7. Representative Applications and Case Studies
Generative semantic communications are enabling a wide spectrum of next-generation applications:
- Industrial IoT and V2X: Task-driven communication and situational awareness using semantic prompts and AI-guided reconstruction (Ren et al., 2024, Yuan et al., 21 Apr 2025).
- Metaverse and XR: Ultra-low-rate, low-latency transmission of semantic cues to synthesize immersive experiences at the receiver (Ren et al., 2024, Ren et al., 2024, Qin et al., 11 Nov 2025).

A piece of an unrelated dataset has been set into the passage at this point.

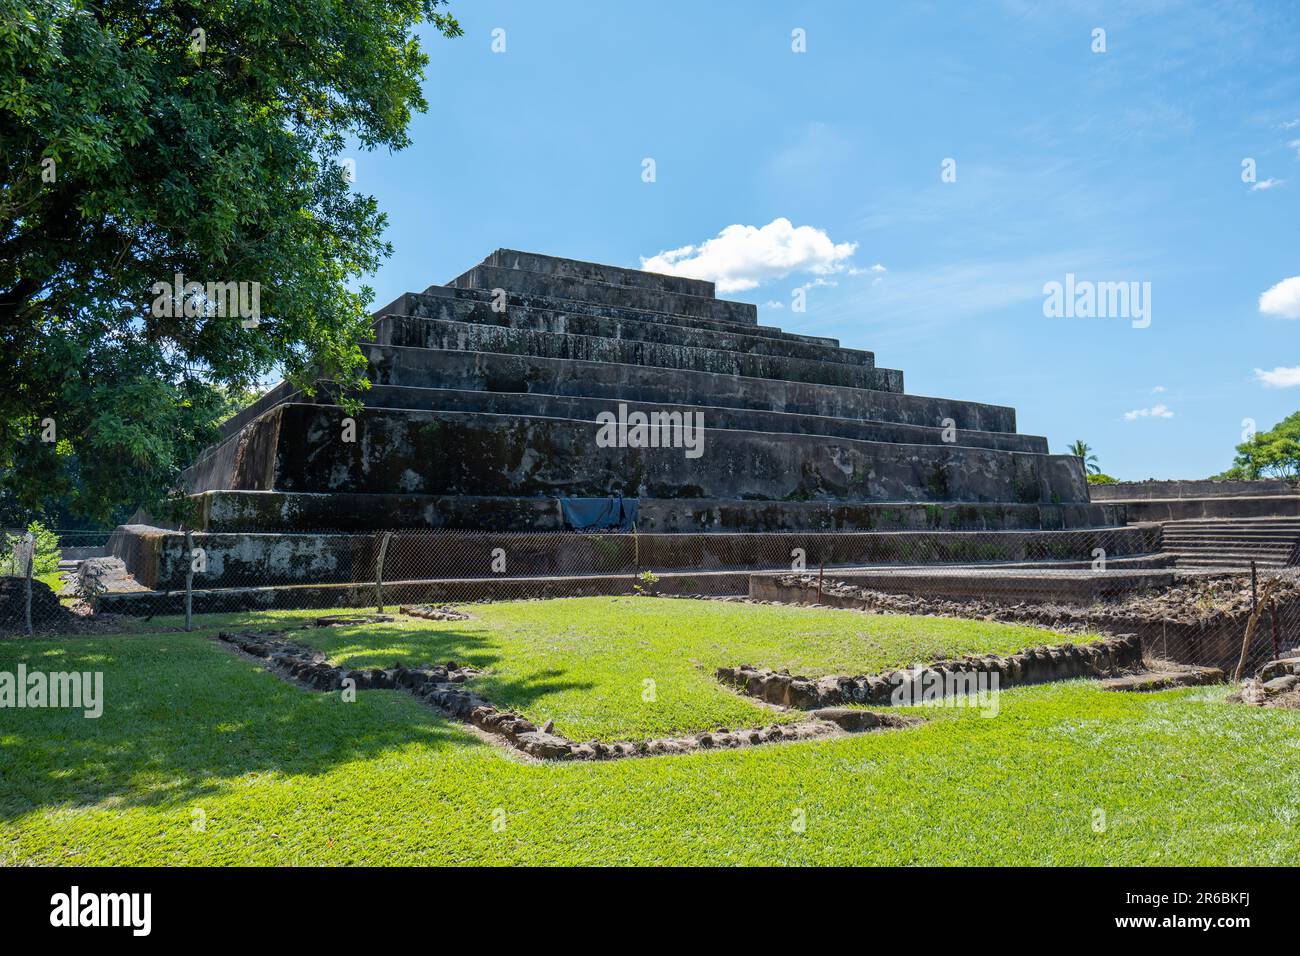 Main Structure of the Mayan Pyramids of Tazumal Site in Salvador, an Important Historical Trading Center for the Maya with Tombs and Several Pyramids Stock Photo

- Remote Monitoring, Video Retrieval, and Surveillance: Receiver-centric GSC architectures allow the receiver to request and obtain only the desired semantic information, dramatically reducing transmission and processing load (Liu et al., 2024, Yang et al., 2023).
- Autonomous Driving and Smart Cities: Efficient sharing of only the salient semantic features supports bandwidth-constrained, safety-critical communications (Liang et al., 2023).
- Text-to-Speech and Multimodal Synthesis: Hierarchical semantic knowledge bases and diffusion-based generative decoding yield significantly higher fidelity than traditional or autoencoder-based baselines in AWGN and Rayleigh scenarios (Zheng et al., 2024).
In summary, generative semantic communications couple the compactness and robustness of semantic-level representation with the powerful reconstruction capabilities of state-of-the-art generative models, establishing a foundation for ultra-efficient, meaning-centric, and robust multimodal communications in emerging wireless and distributed intelligence systems (Xia et al., 2023, Ren et al., 2024, Ma et al., 24 Sep 2025, Qin et al., 11 Nov 2025, Liang et al., 2023, Yuan et al., 21 Apr 2025).